# Green Cove Springs, FL pitiful sad looking male



## darkrain (Jul 10, 2002)

Roman is a sweet 6 year old neutered male left in our drop pens. 

oh help this pitiful sad boy!!! dies friday early
Call the shelter immediately

Roman 

German Shepherd Dog
Extra Large Adult Male Dog Pet ID: D-2010-203 
Clay County Animal Care & Control
Green Cove Springs, FL
904-269-6342
Email Clay County Animal Care & Control


----------



## sitstay (Jan 20, 2003)

Oh, man. Look at his nails. Poor boy.
Sheilah


----------



## Kayos and Havoc (Oct 17, 2002)

I was thinking about the nails too they must hurt. Poor guy. He has a very stately face.


----------



## cassadee7 (Nov 26, 2009)

Poor baby. He is getting my prayers. Is it too late for this guy?


----------



## Karin (Jan 4, 2008)

Oh no! He looks horribly sad and badly taken care of. He only has until early tomorrow morning. Can't someone help him?


----------



## Anja1Blue (Feb 27, 2008)

It's Friday - afraid to ask about the fate of this poor chap.....

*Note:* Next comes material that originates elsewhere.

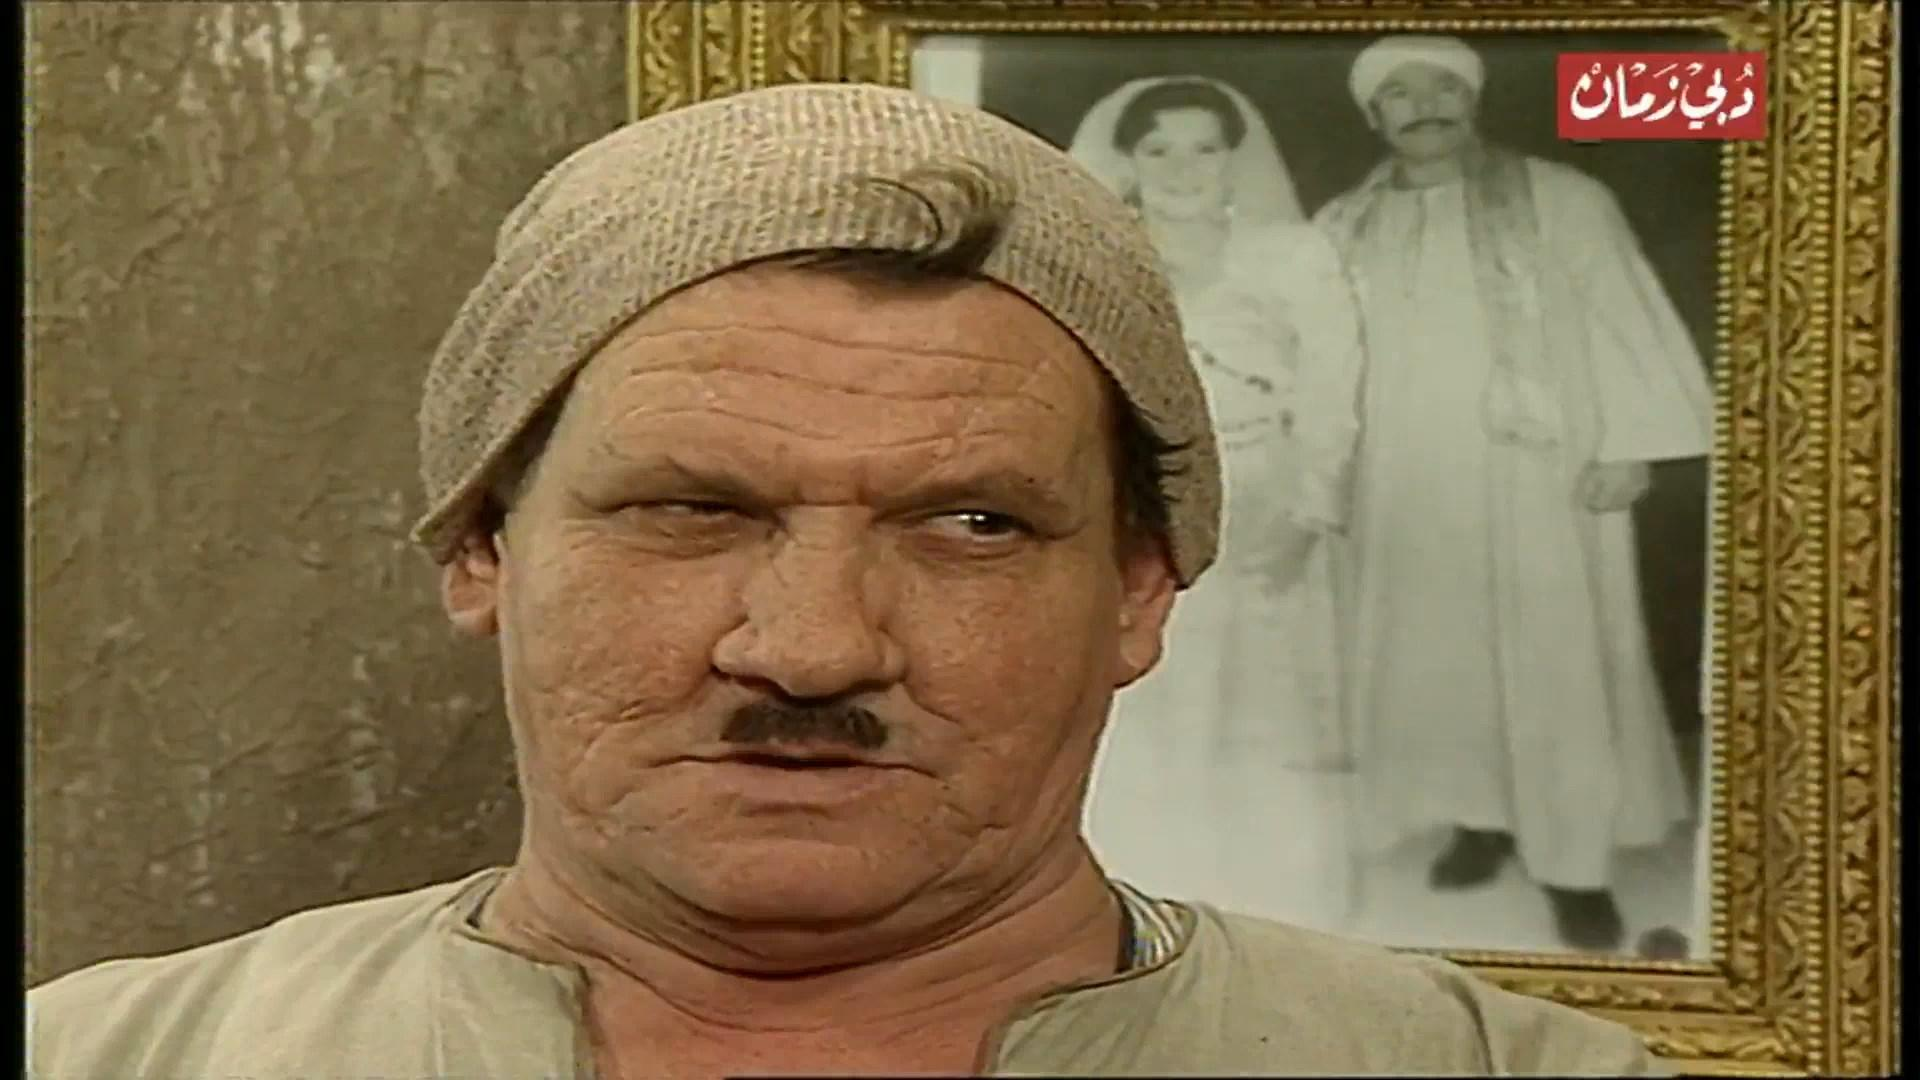 مسلسل الفدان الأخير (1992) 1080p تحميل تورنت 5 arabp2p.com

________________________________
Susan

Anja SchH3 GSD
Conor GSD - adopted from this Board
Blue GSD - waiting at the Bridge


----------



## kess&ellie (Jan 14, 2008)

Still listed.

http://www.petfinder.com/petnote/displaypet.cgi?petid=15621238


----------



## cassadee7 (Nov 26, 2009)

He would make such a lovely success story. I'd love to see a smile on his face. Anyone?


----------



## Karin (Jan 4, 2008)

*Re: Green Cove Springs, FL pitiful sad looking ma*

He's still there! (But probably not for long







)

Can someone help?


----------



## lakota757 (Apr 10, 2008)

*Re: Green Cove Springs, FL pitiful sad looking ma*

Please...any FL rescues??? Please bring a smile to his face!


----------



## Anja1Blue (Feb 27, 2008)

*Re: Green Cove Springs, FL pitiful sad looking ma*

If it's not too late - BUMP!

_______________________________
Susan

Anja SchH3 GSD
Conor GSD - adopted from this Board
Blue BH WH Tr1 - waiting at the Bridge


----------



## kess&ellie (Jan 14, 2008)

*Re: Green Cove Springs, FL pitiful sad looking ma*

Still listed.


----------



## Cin386 (Jan 10, 2010)

*Re: Green Cove Springs, FL pitiful sad looking ma*

I'm only bout an hour n 40 min from this guy... any rescues willing to commit?


----------



## icycleit (Jan 10, 2010)

*Re: Green Cove Springs, FL pitiful sad looking ma*

He is still on the web, but that does NOT mean he is still there, he may already be PTS!


----------



## Myamom (Oct 10, 2005)

*Re: Green Cove Springs, FL pitiful sad looking ma*

just got this today...he was on the accompanying list. 


Animals needing rescue, please see attached list. 



CONTACT:

Ralph D Roland

Volunteer/Rescue/Adoption Coordinator

Clay County Animal Care & Control

(904) 529-5273 Fax (904) 284-7812



Please visit our Petfinder site at http://www.clayanimal.petfinder.com



KILL LIST BELOW ... ASAP


----------



## RebelGSD (Mar 20, 2008)

*Re: Green Cove Springs, FL pitiful sad looking ma*

I called today and was told that he went to rescue. Can someone verify?


----------



## dd (Jun 10, 2003)

*Re: Green Cove Springs, FL pitiful sad looking ma*

bump


----------